Source records:
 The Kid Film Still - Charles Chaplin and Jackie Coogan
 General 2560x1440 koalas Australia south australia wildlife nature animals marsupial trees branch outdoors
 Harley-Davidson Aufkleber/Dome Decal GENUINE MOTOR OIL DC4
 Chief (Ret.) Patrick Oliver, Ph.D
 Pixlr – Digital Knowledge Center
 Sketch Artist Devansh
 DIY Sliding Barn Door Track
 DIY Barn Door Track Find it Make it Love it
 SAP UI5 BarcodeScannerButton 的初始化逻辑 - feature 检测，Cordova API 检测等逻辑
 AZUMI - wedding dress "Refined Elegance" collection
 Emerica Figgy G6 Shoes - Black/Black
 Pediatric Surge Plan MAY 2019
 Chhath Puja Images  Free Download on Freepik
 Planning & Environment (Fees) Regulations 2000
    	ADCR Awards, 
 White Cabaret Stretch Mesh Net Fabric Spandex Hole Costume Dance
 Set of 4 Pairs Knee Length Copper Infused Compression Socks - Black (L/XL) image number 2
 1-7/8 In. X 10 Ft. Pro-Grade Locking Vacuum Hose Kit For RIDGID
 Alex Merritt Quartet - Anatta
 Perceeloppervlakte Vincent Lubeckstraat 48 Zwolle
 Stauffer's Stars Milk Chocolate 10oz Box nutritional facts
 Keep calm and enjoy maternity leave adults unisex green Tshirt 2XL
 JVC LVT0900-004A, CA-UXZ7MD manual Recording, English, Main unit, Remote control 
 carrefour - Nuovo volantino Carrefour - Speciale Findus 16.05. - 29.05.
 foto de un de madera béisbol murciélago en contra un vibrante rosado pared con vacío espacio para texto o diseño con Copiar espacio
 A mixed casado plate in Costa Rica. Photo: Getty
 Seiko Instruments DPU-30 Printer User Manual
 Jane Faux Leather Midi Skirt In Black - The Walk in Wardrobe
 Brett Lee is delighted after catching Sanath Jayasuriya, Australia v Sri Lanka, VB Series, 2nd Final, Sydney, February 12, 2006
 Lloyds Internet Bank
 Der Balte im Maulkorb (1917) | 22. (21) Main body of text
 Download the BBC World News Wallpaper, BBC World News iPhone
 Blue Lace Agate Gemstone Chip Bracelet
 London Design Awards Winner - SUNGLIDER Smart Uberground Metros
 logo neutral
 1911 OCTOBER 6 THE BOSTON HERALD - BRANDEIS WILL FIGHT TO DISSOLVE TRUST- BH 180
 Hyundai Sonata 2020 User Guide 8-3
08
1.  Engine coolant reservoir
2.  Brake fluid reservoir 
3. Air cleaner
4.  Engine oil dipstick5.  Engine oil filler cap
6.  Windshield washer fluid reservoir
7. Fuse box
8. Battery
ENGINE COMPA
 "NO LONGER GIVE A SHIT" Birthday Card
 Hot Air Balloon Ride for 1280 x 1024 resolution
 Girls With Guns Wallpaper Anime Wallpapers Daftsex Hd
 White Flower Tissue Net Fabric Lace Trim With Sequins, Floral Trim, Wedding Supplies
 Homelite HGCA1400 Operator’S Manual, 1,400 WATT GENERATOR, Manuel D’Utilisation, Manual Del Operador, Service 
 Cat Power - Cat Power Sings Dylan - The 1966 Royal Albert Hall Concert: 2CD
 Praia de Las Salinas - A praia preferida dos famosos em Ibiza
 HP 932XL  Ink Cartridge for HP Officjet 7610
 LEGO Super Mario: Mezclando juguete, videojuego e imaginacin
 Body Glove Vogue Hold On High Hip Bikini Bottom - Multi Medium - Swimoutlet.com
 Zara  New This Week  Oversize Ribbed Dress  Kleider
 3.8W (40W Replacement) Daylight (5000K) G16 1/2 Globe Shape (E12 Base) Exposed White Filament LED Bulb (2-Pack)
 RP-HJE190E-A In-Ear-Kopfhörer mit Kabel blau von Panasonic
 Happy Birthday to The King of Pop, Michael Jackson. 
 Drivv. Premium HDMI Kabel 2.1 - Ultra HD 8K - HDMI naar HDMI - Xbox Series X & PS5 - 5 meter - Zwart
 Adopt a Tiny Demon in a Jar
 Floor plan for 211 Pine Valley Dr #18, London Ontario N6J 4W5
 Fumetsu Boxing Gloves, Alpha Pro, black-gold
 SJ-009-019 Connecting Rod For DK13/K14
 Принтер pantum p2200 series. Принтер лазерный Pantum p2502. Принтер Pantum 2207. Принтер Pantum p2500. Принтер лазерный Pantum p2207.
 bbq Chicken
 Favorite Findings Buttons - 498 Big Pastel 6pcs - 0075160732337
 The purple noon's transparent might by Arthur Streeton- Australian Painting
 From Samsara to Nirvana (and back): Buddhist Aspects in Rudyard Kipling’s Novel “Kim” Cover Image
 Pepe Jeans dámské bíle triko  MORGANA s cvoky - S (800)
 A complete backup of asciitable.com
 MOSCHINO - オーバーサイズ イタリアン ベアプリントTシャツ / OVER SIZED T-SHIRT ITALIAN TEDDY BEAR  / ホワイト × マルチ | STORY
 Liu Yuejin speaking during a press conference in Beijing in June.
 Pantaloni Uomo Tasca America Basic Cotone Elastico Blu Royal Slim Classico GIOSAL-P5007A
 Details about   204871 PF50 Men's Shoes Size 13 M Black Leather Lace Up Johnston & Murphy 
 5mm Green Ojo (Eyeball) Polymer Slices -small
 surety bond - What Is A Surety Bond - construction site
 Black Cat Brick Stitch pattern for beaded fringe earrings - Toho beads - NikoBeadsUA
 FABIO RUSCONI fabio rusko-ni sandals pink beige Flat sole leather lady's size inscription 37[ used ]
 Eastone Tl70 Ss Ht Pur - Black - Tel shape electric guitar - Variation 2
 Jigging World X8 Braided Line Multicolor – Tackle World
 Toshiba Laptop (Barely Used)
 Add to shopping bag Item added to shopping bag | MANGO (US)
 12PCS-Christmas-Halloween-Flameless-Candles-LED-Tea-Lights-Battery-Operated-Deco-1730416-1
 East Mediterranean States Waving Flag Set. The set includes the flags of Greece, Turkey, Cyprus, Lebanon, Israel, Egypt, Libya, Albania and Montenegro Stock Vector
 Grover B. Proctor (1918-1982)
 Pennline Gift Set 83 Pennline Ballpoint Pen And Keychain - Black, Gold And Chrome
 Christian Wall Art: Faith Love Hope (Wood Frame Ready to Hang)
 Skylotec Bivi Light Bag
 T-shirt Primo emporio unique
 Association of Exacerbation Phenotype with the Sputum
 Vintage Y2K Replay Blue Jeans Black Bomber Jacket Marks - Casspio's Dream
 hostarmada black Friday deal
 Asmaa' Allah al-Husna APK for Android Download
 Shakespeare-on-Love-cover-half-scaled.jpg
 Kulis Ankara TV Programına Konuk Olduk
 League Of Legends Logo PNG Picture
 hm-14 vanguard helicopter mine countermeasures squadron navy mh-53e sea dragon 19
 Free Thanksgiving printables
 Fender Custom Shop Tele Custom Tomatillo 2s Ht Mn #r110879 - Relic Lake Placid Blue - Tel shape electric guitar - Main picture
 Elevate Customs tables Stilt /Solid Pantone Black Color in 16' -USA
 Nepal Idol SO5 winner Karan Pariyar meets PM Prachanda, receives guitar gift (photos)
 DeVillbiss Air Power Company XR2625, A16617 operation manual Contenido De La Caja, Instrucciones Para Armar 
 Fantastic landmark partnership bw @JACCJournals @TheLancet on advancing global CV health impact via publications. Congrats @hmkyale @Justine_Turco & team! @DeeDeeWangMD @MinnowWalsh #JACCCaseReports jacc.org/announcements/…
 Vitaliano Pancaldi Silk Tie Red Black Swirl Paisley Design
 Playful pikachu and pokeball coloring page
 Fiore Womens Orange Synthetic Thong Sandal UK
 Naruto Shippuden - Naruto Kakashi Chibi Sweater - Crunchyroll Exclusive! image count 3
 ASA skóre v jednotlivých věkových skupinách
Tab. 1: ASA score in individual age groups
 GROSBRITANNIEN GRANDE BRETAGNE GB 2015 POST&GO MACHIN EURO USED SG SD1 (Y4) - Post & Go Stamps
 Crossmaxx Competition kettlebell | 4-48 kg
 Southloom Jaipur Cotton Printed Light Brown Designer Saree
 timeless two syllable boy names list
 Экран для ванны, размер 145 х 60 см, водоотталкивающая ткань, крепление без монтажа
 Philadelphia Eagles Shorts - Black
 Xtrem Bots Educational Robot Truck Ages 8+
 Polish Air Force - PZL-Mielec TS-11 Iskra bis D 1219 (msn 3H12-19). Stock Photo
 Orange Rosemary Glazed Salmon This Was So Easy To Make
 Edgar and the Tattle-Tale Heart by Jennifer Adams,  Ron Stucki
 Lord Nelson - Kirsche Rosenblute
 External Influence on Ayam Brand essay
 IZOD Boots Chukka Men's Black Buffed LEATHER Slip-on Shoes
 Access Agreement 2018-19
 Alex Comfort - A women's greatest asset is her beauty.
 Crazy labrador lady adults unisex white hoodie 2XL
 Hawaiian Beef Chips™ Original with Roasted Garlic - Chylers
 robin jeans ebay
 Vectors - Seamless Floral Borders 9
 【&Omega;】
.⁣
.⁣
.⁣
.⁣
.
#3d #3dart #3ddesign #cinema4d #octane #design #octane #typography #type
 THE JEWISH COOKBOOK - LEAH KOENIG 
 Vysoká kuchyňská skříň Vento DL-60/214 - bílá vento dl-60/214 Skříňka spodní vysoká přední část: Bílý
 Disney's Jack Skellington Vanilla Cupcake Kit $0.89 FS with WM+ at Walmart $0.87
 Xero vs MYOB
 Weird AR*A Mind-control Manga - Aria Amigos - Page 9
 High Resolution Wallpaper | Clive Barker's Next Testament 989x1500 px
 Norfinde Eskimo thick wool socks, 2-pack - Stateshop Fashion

WORK ITEM ->
Reproduce each line of the entries above from the one containing "Hawaiian Beef Chips™" through the last, exactly, and no other line.

THE ANSWER ->
 Hawaiian Beef Chips™ Original with Roasted Garlic - Chylers
 robin jeans ebay
 Vectors - Seamless Floral Borders 9
 【&Omega;】
.⁣
.⁣
.⁣
.⁣
.
#3d #3dart #3ddesign #cinema4d #octane #design #octane #typography #type
 THE JEWISH COOKBOOK - LEAH KOENIG 
 Vysoká kuchyňská skříň Vento DL-60/214 - bílá vento dl-60/214 Skříňka spodní vysoká přední část: Bílý
 Disney's Jack Skellington Vanilla Cupcake Kit $0.89 FS with WM+ at Walmart $0.87
 Xero vs MYOB
 Weird AR*A Mind-control Manga - Aria Amigos - Page 9
 High Resolution Wallpaper | Clive Barker's Next Testament 989x1500 px
 Norfinde Eskimo thick wool socks, 2-pack - Stateshop Fashion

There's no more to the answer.